Copy exactly, please, each line of the data below until the line that contains "Graph showing the" has been copied, beginning at the top.

***** Entries shown *****

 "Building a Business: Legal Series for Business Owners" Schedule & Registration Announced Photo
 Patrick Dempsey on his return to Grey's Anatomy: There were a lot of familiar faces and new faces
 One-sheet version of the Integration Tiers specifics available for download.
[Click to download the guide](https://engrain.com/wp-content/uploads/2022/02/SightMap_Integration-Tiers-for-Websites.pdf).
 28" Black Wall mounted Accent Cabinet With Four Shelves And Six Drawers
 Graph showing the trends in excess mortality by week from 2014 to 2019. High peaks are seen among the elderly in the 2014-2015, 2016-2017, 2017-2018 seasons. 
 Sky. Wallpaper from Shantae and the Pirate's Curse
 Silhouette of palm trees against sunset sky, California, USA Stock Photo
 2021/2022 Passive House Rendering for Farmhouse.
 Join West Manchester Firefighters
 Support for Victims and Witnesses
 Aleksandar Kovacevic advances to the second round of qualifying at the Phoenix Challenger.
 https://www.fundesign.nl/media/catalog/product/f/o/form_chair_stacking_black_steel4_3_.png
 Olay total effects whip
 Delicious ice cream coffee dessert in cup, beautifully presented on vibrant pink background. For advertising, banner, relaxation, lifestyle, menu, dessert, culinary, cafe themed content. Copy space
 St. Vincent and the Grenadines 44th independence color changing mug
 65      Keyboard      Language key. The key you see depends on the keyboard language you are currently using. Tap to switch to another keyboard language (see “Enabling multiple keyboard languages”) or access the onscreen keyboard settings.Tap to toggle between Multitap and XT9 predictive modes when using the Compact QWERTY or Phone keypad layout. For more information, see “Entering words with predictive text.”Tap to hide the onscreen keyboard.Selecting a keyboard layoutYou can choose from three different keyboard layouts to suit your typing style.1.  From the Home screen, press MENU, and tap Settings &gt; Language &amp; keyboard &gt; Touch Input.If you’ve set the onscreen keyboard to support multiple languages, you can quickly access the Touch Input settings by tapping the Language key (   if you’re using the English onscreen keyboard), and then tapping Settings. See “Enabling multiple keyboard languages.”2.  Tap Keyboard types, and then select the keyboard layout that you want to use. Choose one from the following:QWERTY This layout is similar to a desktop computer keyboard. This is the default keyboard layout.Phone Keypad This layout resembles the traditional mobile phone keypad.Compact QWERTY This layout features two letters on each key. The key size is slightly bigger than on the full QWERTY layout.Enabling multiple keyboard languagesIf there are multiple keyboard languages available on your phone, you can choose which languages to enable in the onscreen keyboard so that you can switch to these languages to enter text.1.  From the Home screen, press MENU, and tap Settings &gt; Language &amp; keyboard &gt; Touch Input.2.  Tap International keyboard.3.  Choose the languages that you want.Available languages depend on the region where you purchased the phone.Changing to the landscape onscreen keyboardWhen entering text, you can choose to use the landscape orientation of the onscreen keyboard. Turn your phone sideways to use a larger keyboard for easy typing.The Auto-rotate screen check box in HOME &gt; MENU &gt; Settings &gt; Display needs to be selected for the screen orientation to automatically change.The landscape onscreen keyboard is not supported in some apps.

*****

-- Answer to this exercise --
 "Building a Business: Legal Series for Business Owners" Schedule & Registration Announced Photo
 Patrick Dempsey on his return to Grey's Anatomy: There were a lot of familiar faces and new faces
 One-sheet version of the Integration Tiers specifics available for download.
[Click to download the guide](https://engrain.com/wp-content/uploads/2022/02/SightMap_Integration-Tiers-for-Websites.pdf).
 28" Black Wall mounted Accent Cabinet With Four Shelves And Six Drawers
 Graph showing the trends in excess mortality by week from 2014 to 2019. High peaks are seen among the elderly in the 2014-2015, 2016-2017, 2017-2018 seasons. 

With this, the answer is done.